• _Available data_:
☆ ☆ ☆ ☆ ☆
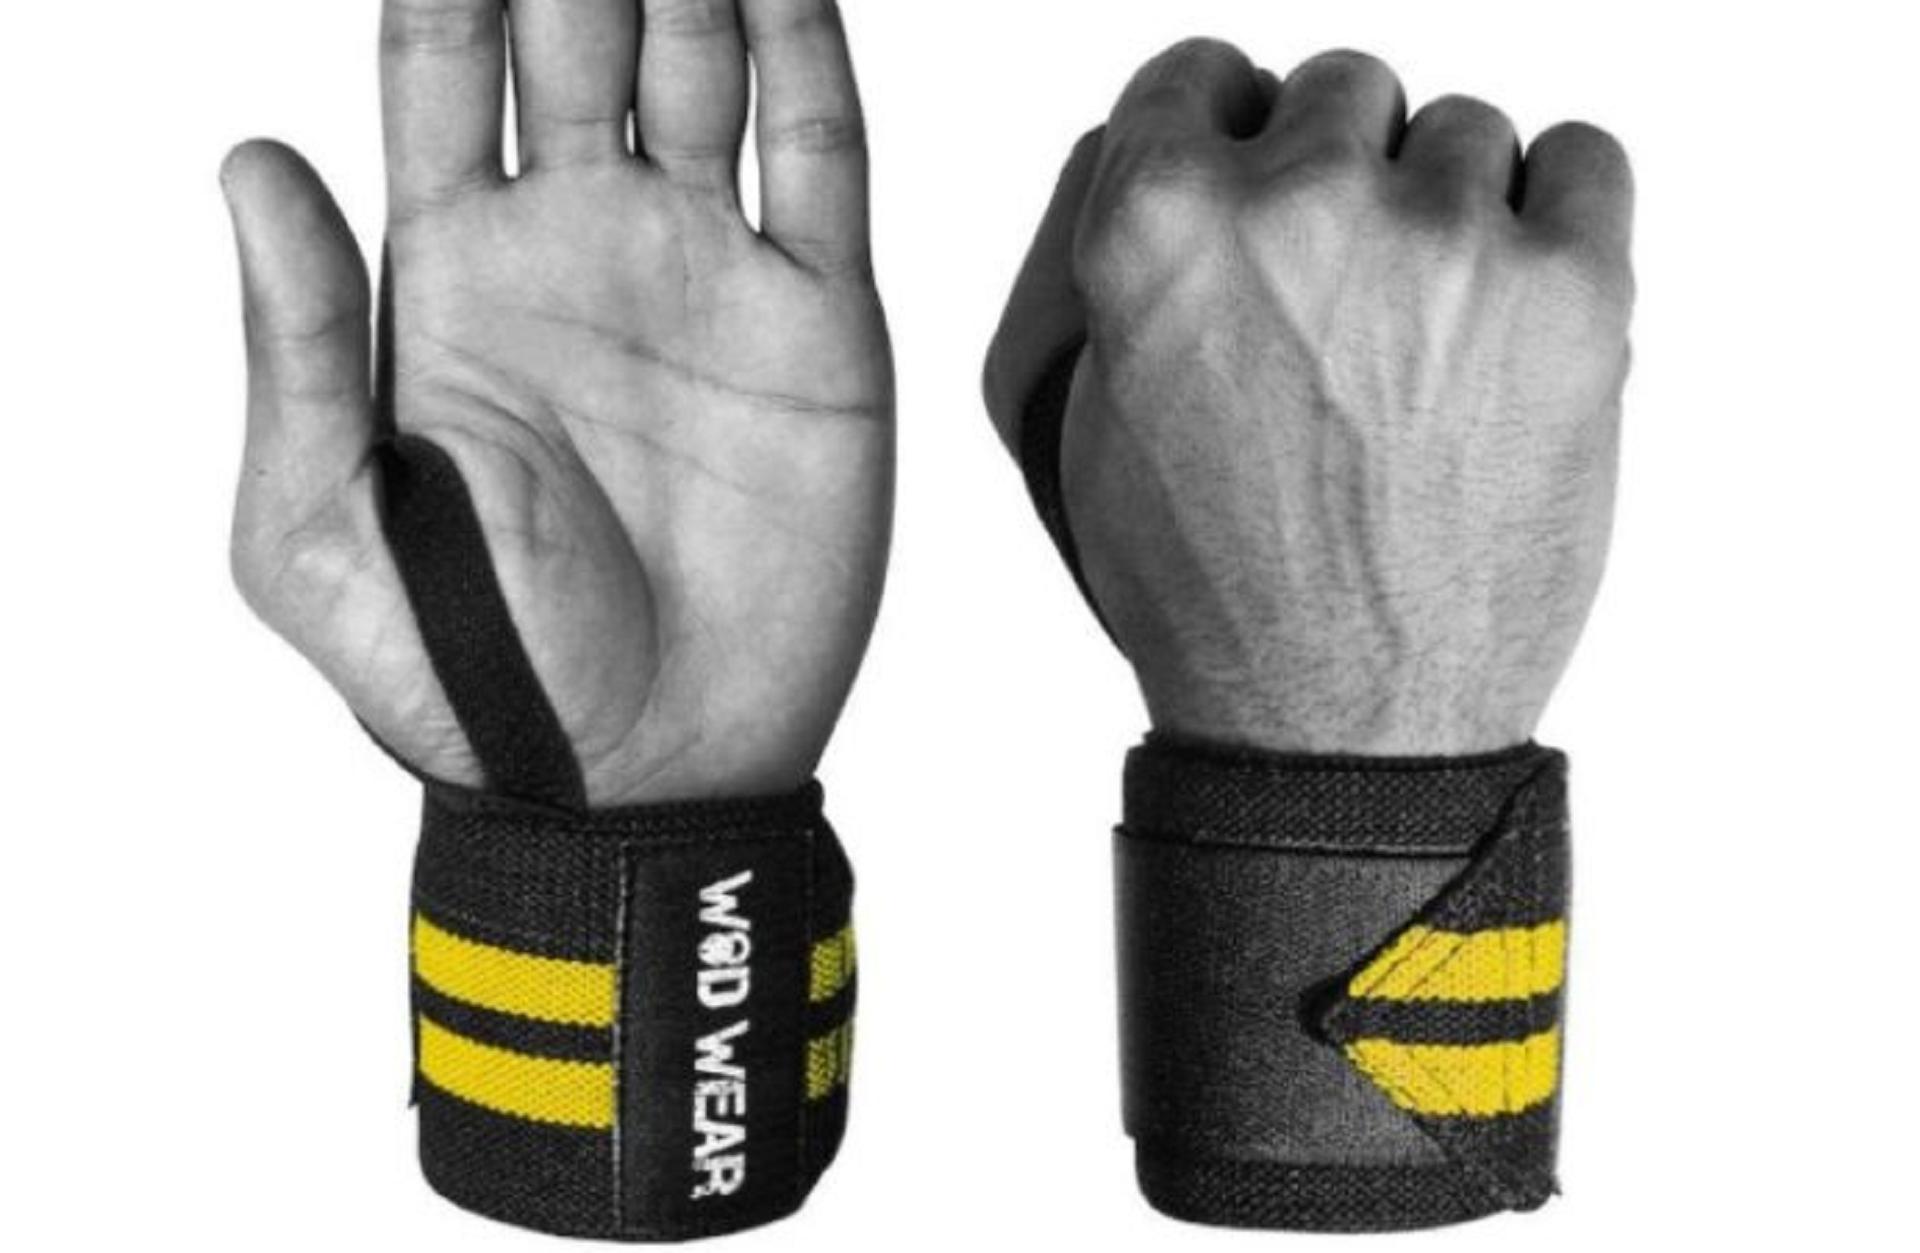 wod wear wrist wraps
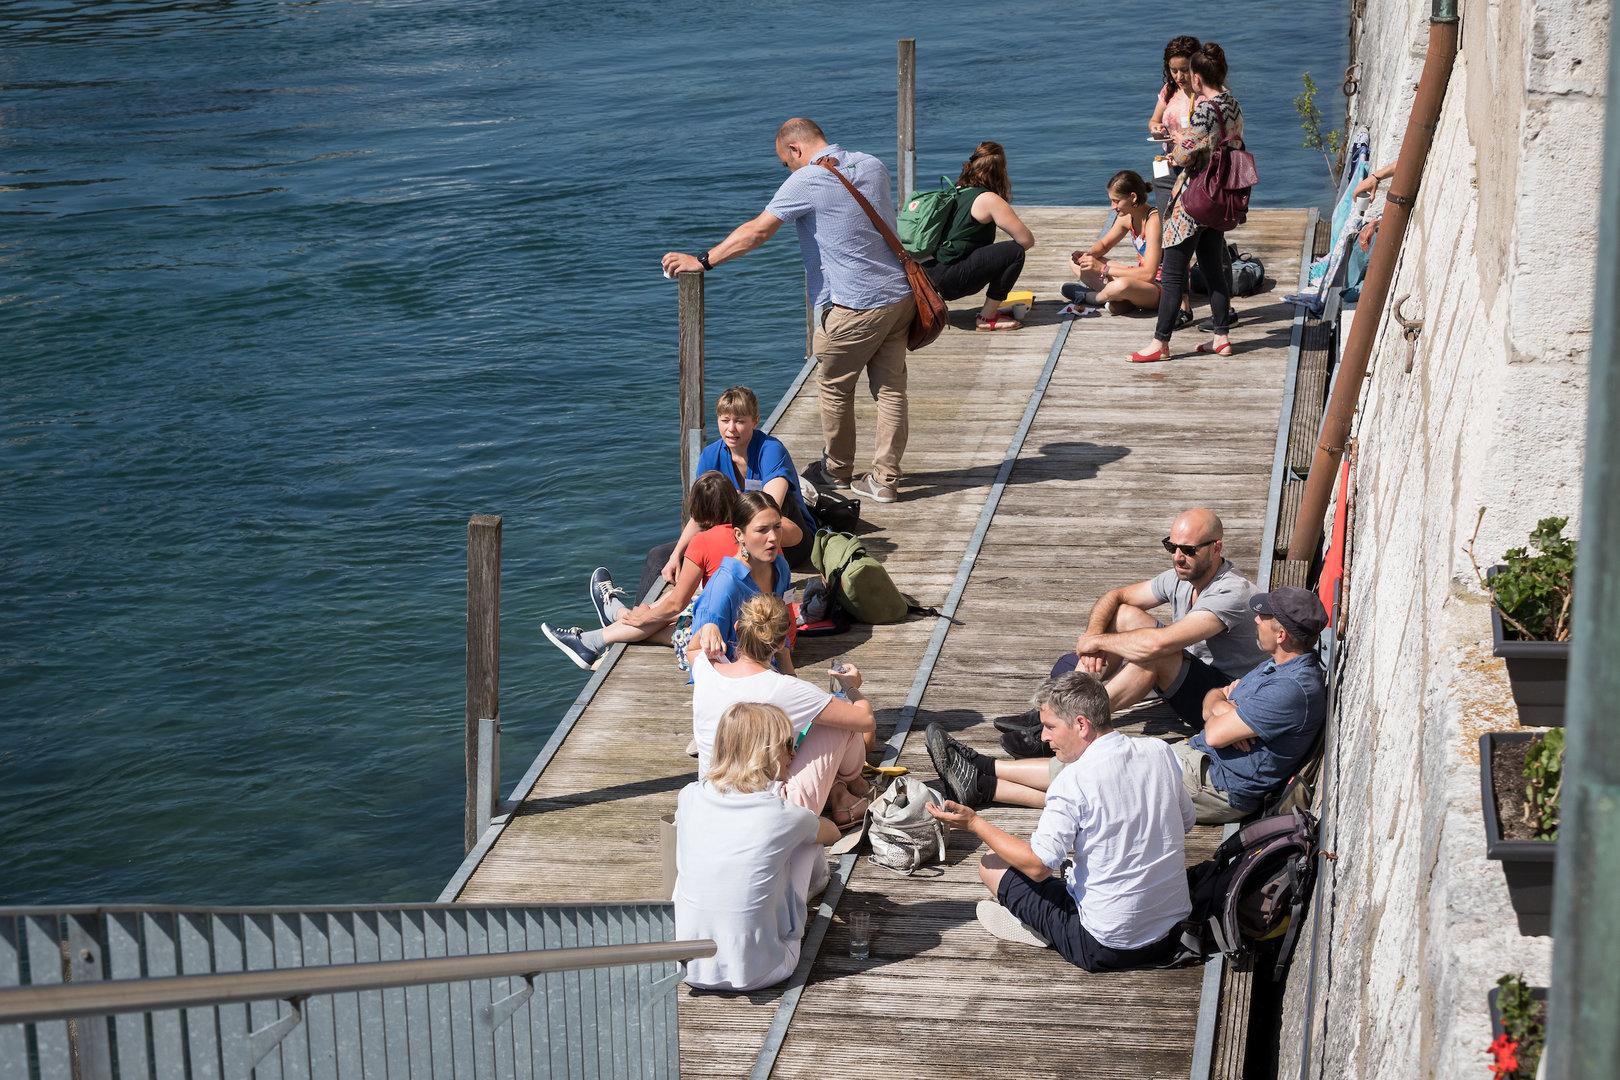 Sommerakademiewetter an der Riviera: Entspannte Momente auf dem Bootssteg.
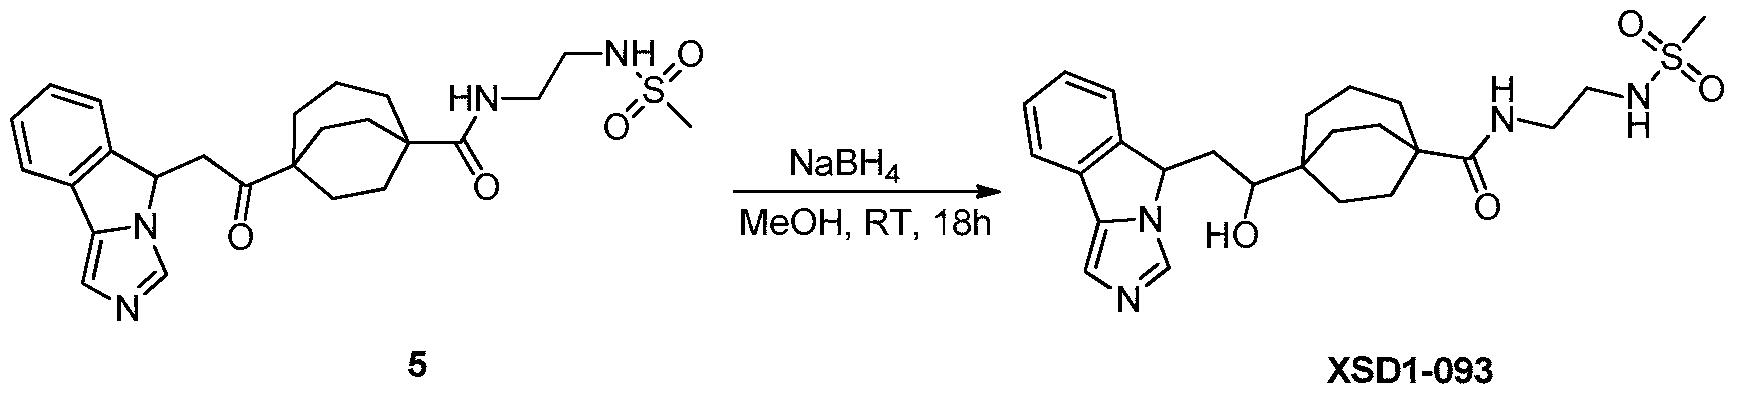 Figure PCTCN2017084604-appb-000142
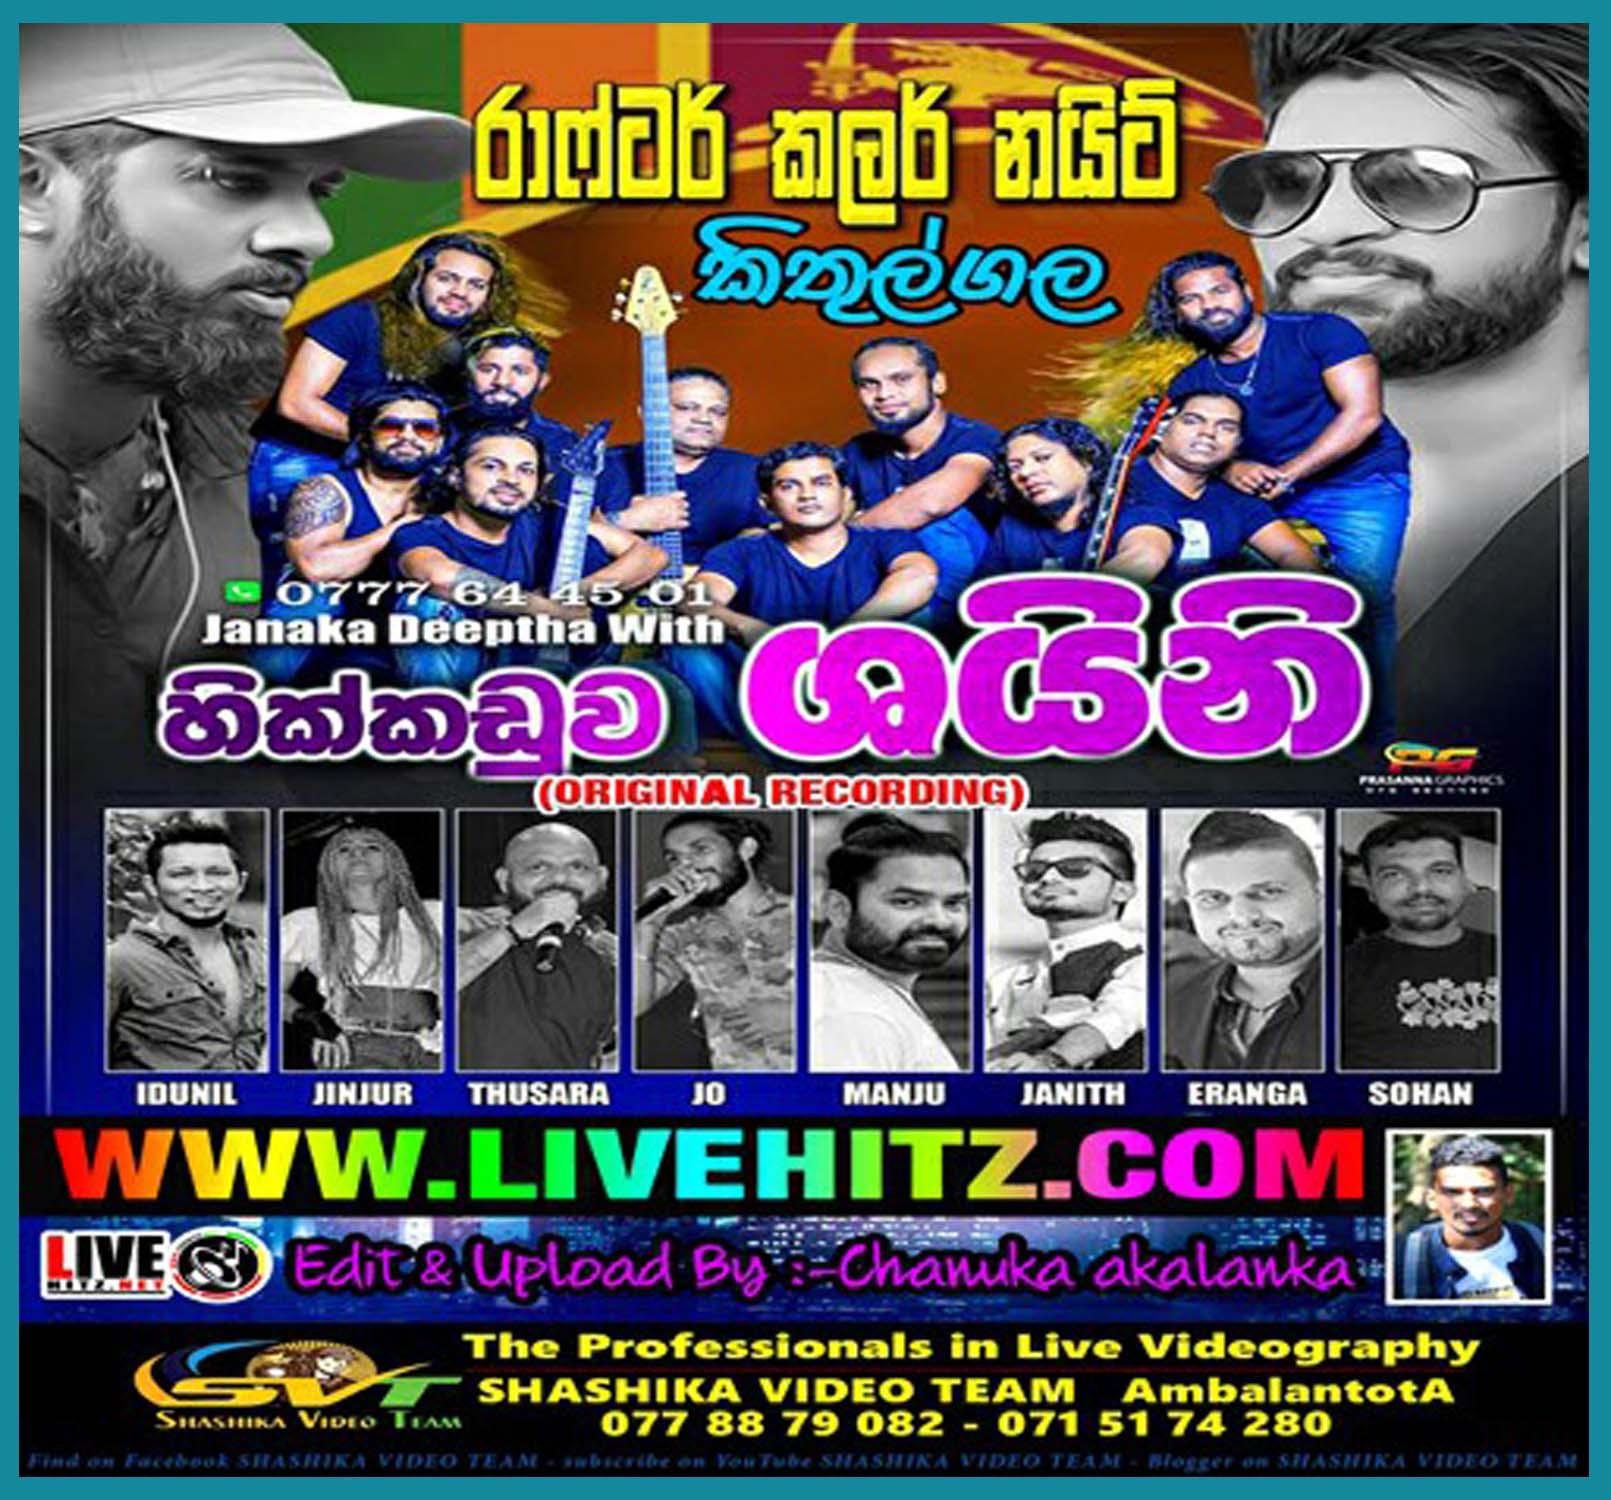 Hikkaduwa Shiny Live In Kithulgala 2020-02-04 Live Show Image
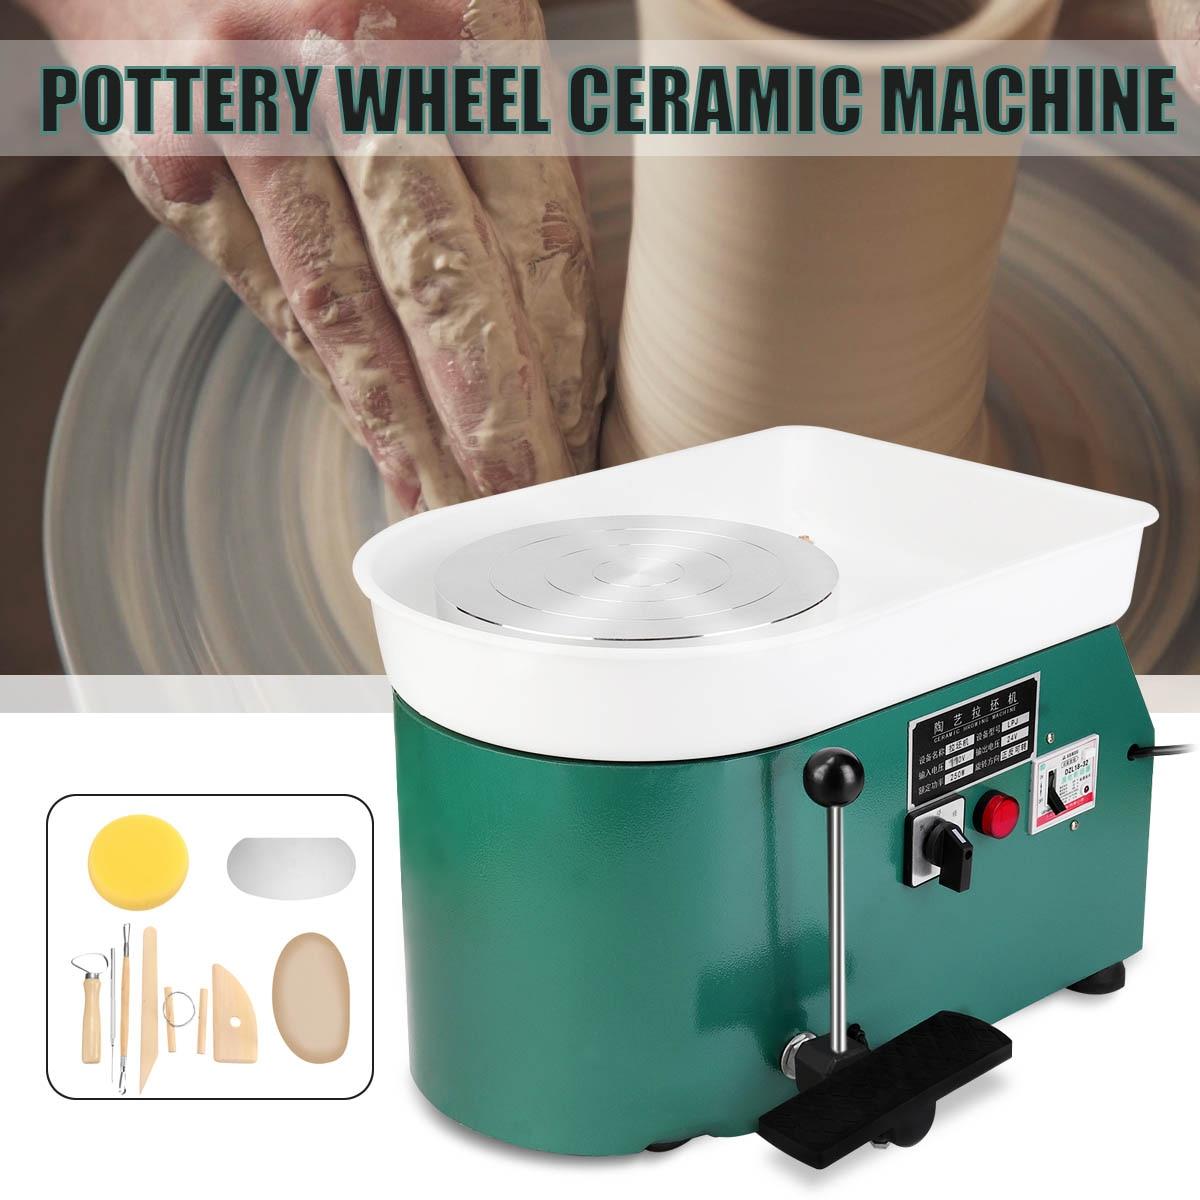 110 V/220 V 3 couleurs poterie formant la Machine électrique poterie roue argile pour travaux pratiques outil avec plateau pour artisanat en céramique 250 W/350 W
☆ ☆ ☆ ☆ ☆
• _Problem_:
Please ensure that the data above is repeated exactly, with no pictures in the copy.

• _Answer box_:
 wod wear wrist wraps
 Sommerakademiewetter an der Riviera: Entspannte Momente auf dem Bootssteg.
 Figure PCTCN2017084604-appb-000142
 Hikkaduwa Shiny Live In Kithulgala 2020-02-04 Live Show Image
 110 V/220 V 3 couleurs poterie formant la Machine électrique poterie roue argile pour travaux pratiques outil avec plateau pour artisanat en céramique 250 W/350 W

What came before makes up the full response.